New York State has mixed success with renewable program

NEW YORK STATE - The eight-year-old campaign to make the state's offices, prisons, hospitals and dormitories more reliant on renewable energy has had mixed success, with some agencies slow to meet targets for adopting wind, solar and other "green" power sources.

New York energy officials say they believe state agencies are now consuming 10 percent or more of their electricity from renewable sources — a target that was supposed to be met in 2005 under an executive order. But they are optimistic the state can meet the next target of 20 percent renewable consumption by 2010, despite the slow progress by the state university system and some other agencies.

"We're halfway there and the ramp-up has been substantial," said Tom Lynch, a spokesman for the New York Energy Research and Development Authority. "All the tools are in place for the agencies to meet this."

The concerted push for renewable power in state buildings dates to June 2001, when then-Gov. George Pataki signed a sweeping executive order setting a series of clean energy goals for state agencies.

The renewable energy targets are among a series of goals that include decreasing overall electricity use and buying clean-fuel vehicles.

Agencies can arrange to buy or generate their own green power, but will commonly enter into group contracts managed by the state Office of General Services for "renewable energy credits" that represent clean energy pumped into the electrical grid. Agencies are only responsible for leased space if they pay the electricity bill. Mandated reductions in overall electricity use can also get agencies there faster.

The OGS, with 53 buildings statewide, has cut down its total energy consumption by 12.5 percent.

"We've been pretty strident about our energy conservation measures," said Brad Maione, a spokesman for the department.

The renewable program started by Republican Pataki has continued under Democratic Gov.
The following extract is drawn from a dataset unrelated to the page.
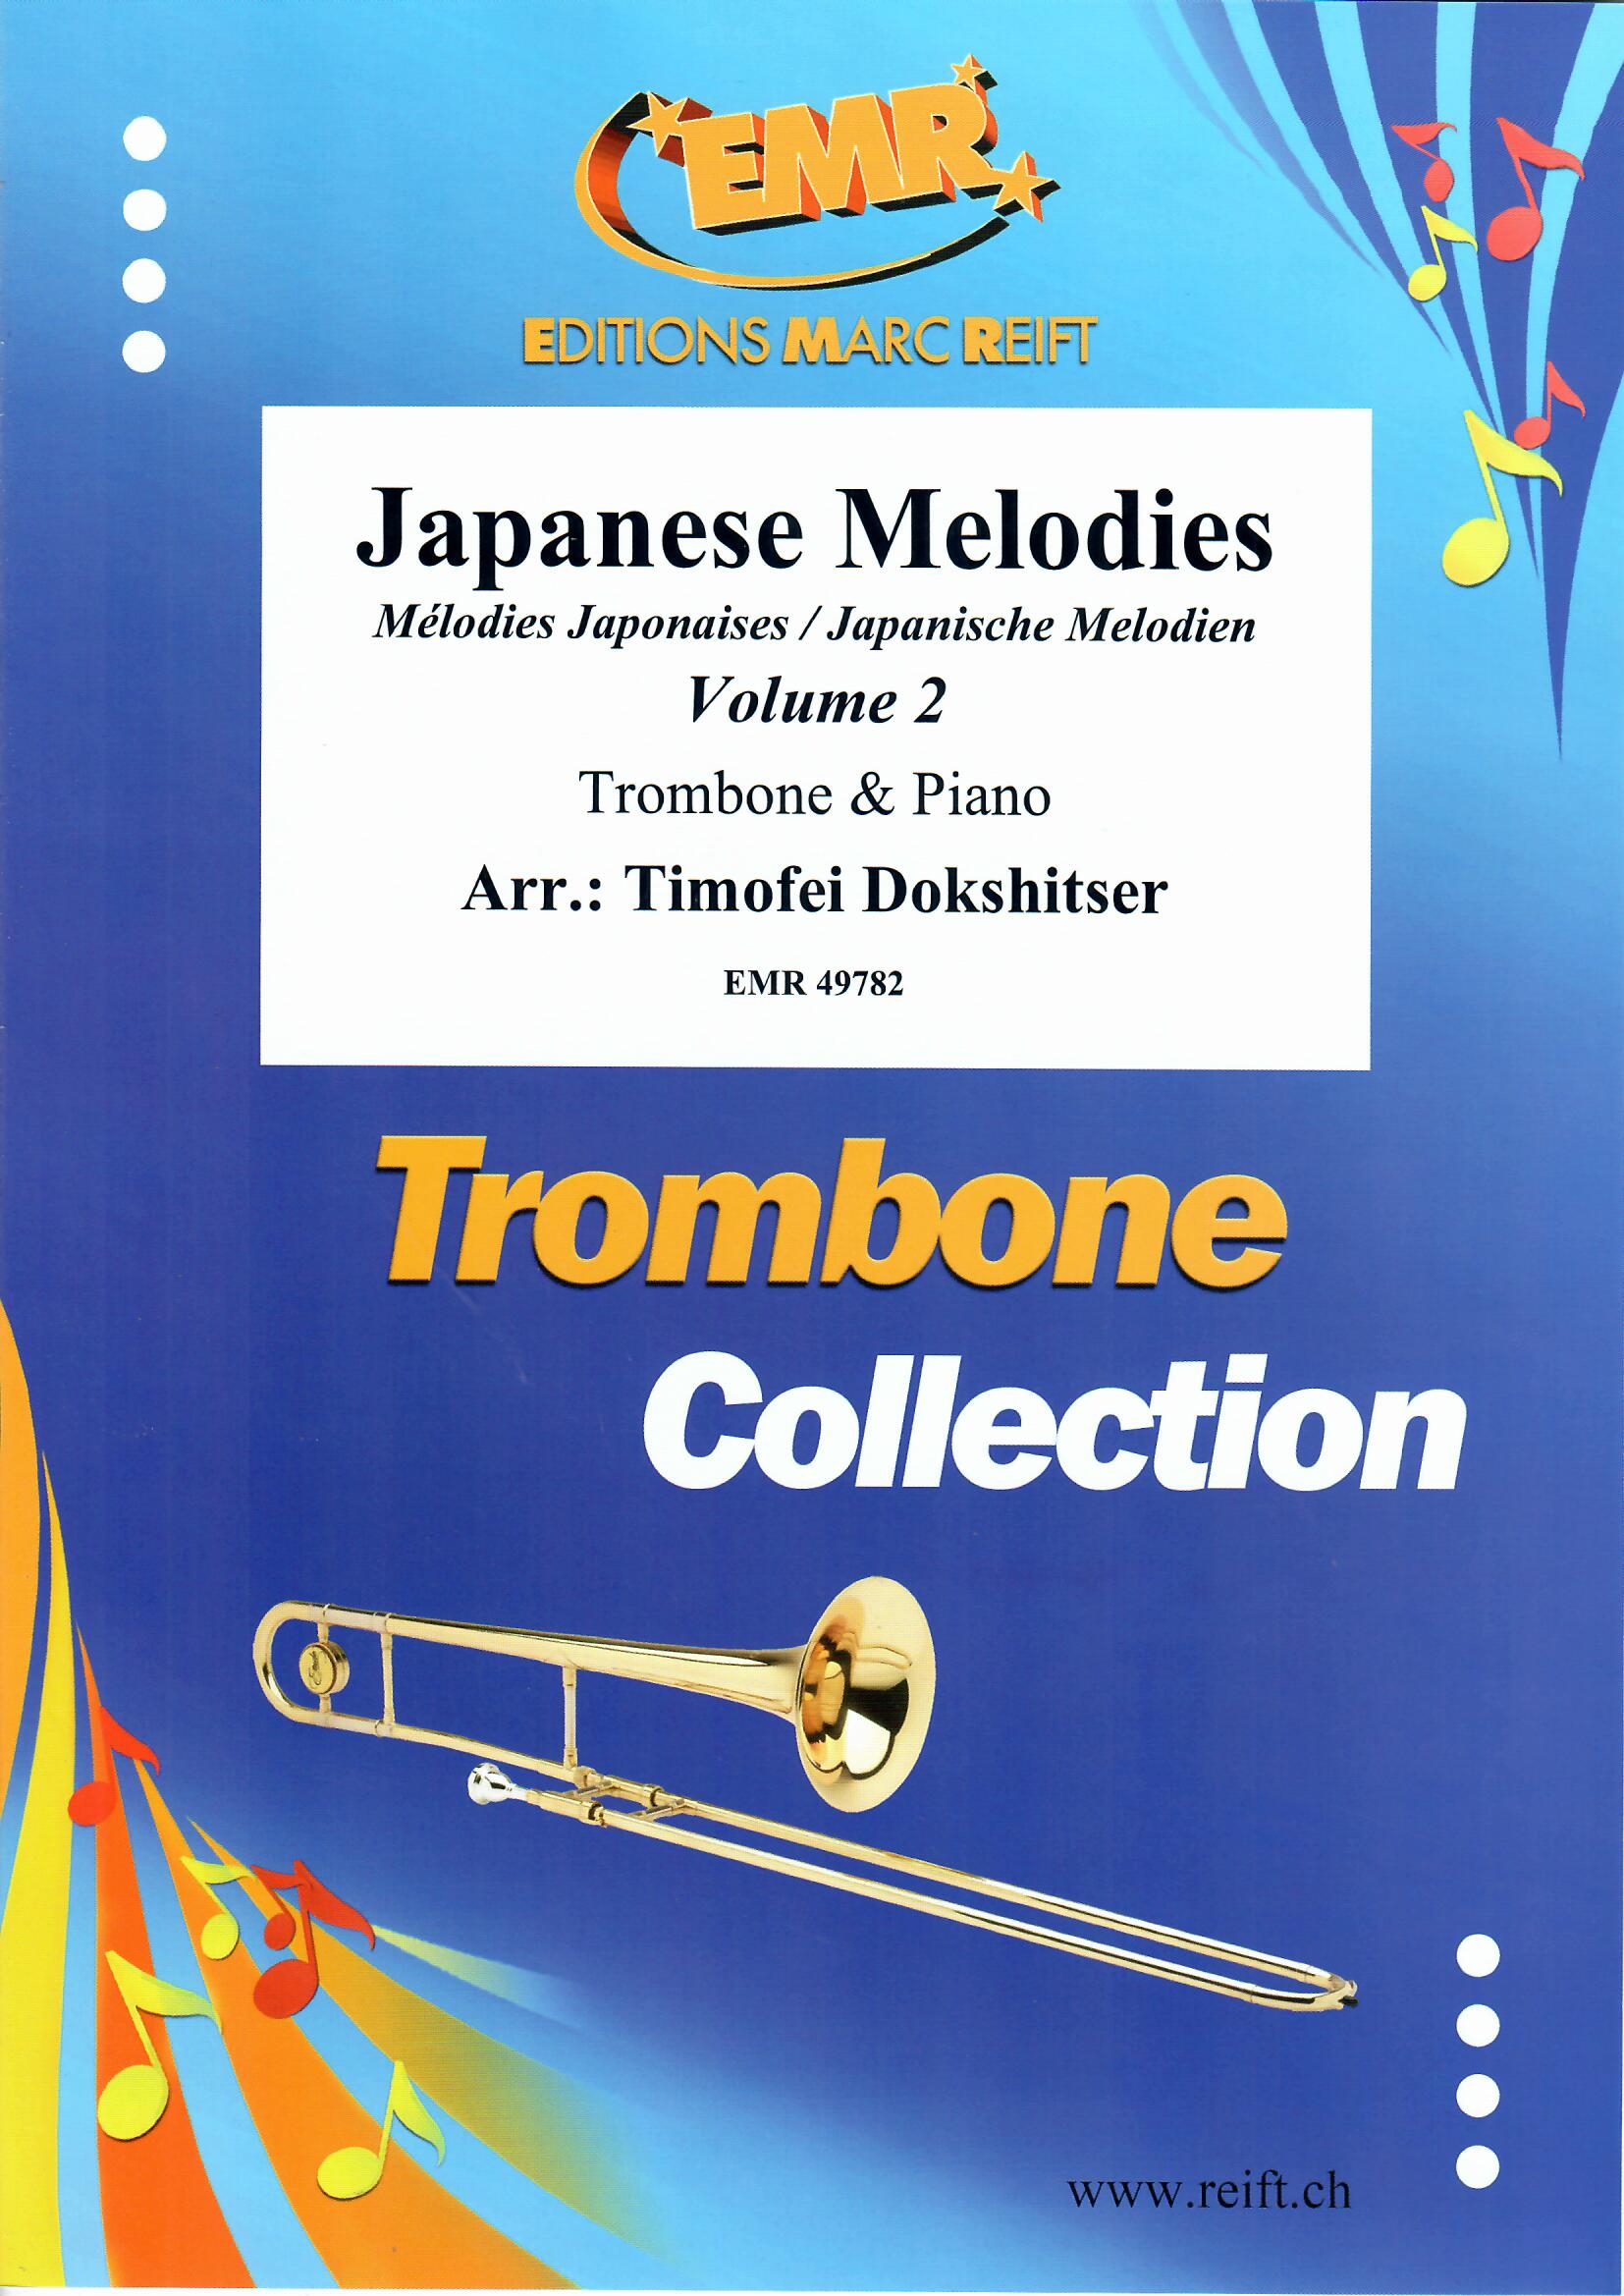 JAPANESE MELODIES VOL. 2 - Trombone & Piano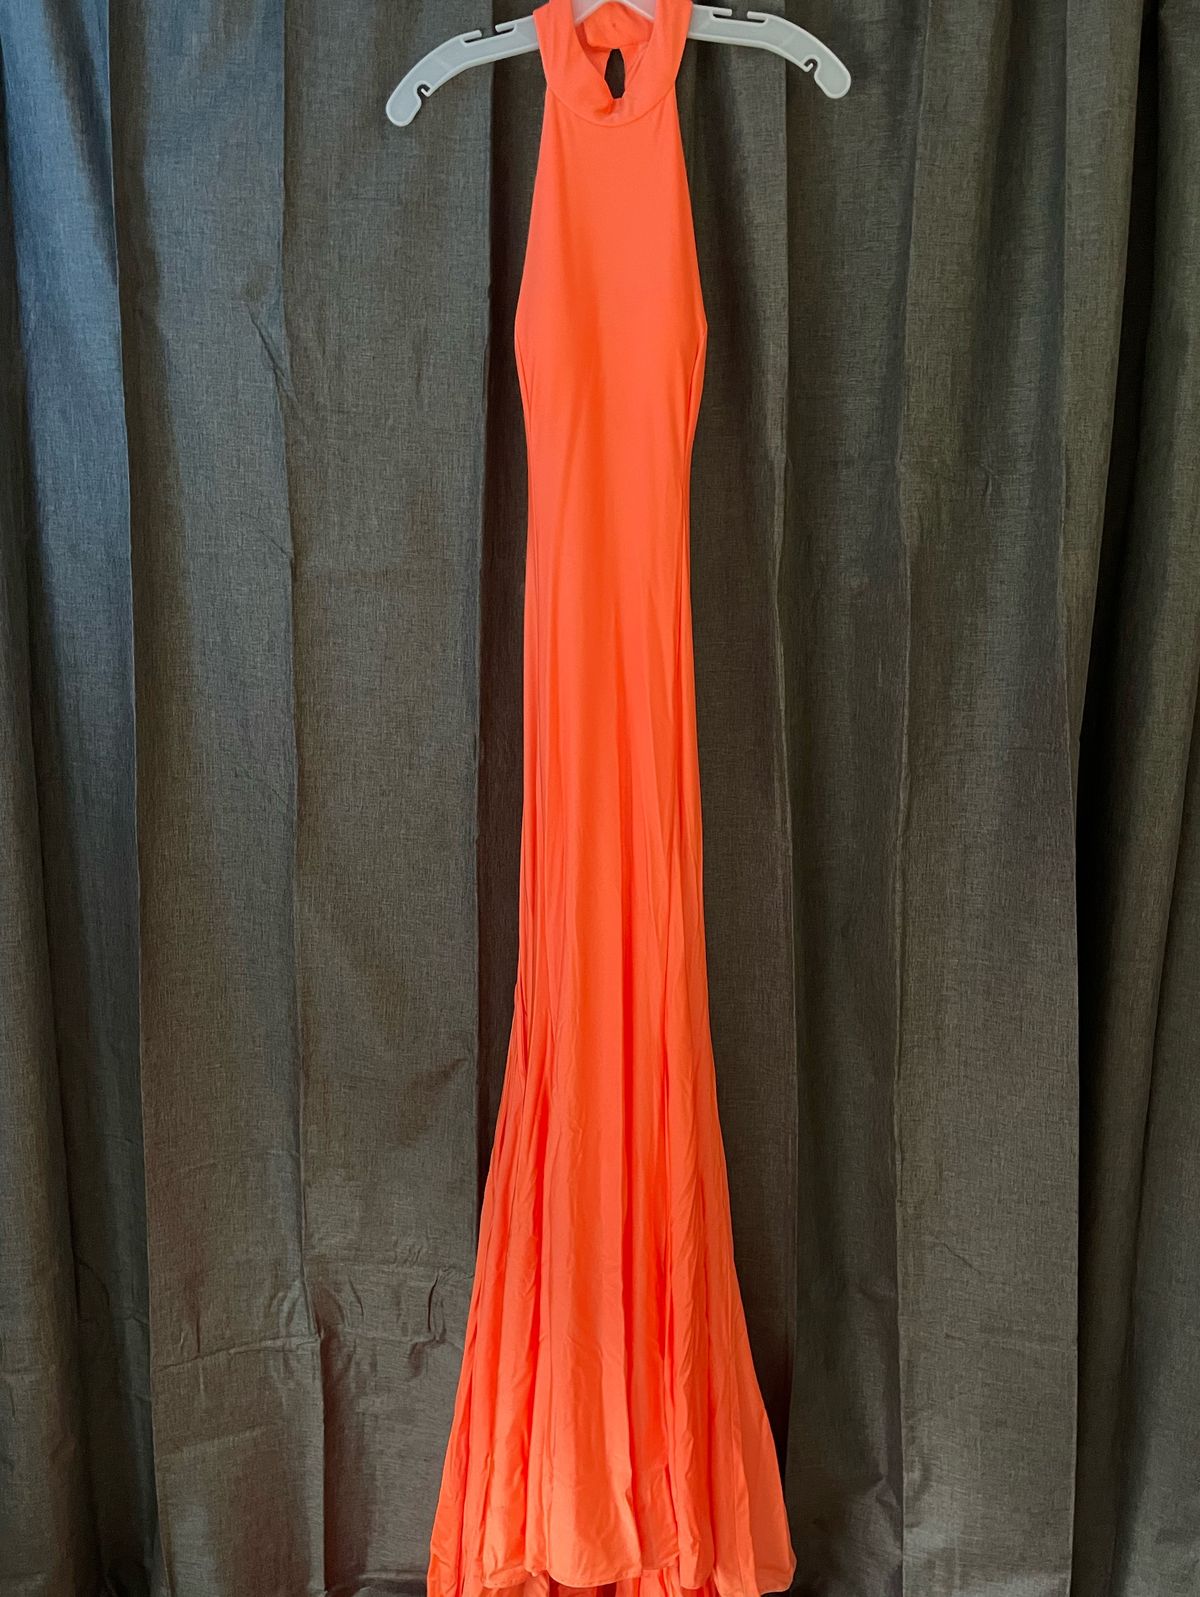 Sherri Hill Size 4 Prom Orange Mermaid Dress on Queenly

David Paterson, who wants homes and businesses across the state to rely more on renewable energy. Paterson wants New York to meet 45 percent of its electricity needs through improved energy efficiency and renewable energy by 2015.

Only some agencies met the 10 percent-by-2005 goal. As of March 2007, the most recent date for which statewide data available, 9.3 percent of state agency electric consumption was from renewable resources. It's not clear precisely how far the state has progressed since then, since the reports submitted by state agencies to NYSERDA in December are still being reviewed.

But Lynch said the market for renewable energy has boomed in recent years and "if that trend continues, we will meet the 20 percent" goal. The recently approved federal stimulus package is expected to boost the renewable market even more. Though the order sets the target at 2010, agencies actually have until the end of the fiscal year that starts in 2010 and ends March 31, 2011.

The executive order includes no penalty for agencies that fail to make targets.

"These goals are not easy, it's hard to get there," Lynch said.

At least 10 state agencies out of about three dozen already meet or exceed the 20-percent goal, according to the 2007-2008 information the agencies reported to NYSERDA in December or answered in queries from The Associated Press. That includes large agencies like the Dormitory Authority and the state Department of Environmental Conservation.

But a few agencies report still being short of the 2005 target, including the Division of Military and Naval Affairs, the state Insurance Fund and the State University of New York, one of the largest electricity customers in the state.

SUNY spokesman David Henahan blamed budget cuts in the current fiscal year combined with the high cost of renewable energy and renewable energy credits.

Renewable energy still costs a little more. Prices vary based on how it's generated, though NYSERDA officials say agencies hitting the 20 percent threshold could pay up to 2 percent more on their total bill. For instance, the Office of Alcoholism and Substance Abuse Services, at 63 percent renewable, pays about $8,000 more on its annual electric bill of $330,000.

Agency spokeswoman Dianne Henk said it's worth the investment given energy conservation and global warming concerns.

"We have to be responsible," Henk said, "and this is part of this responsibility."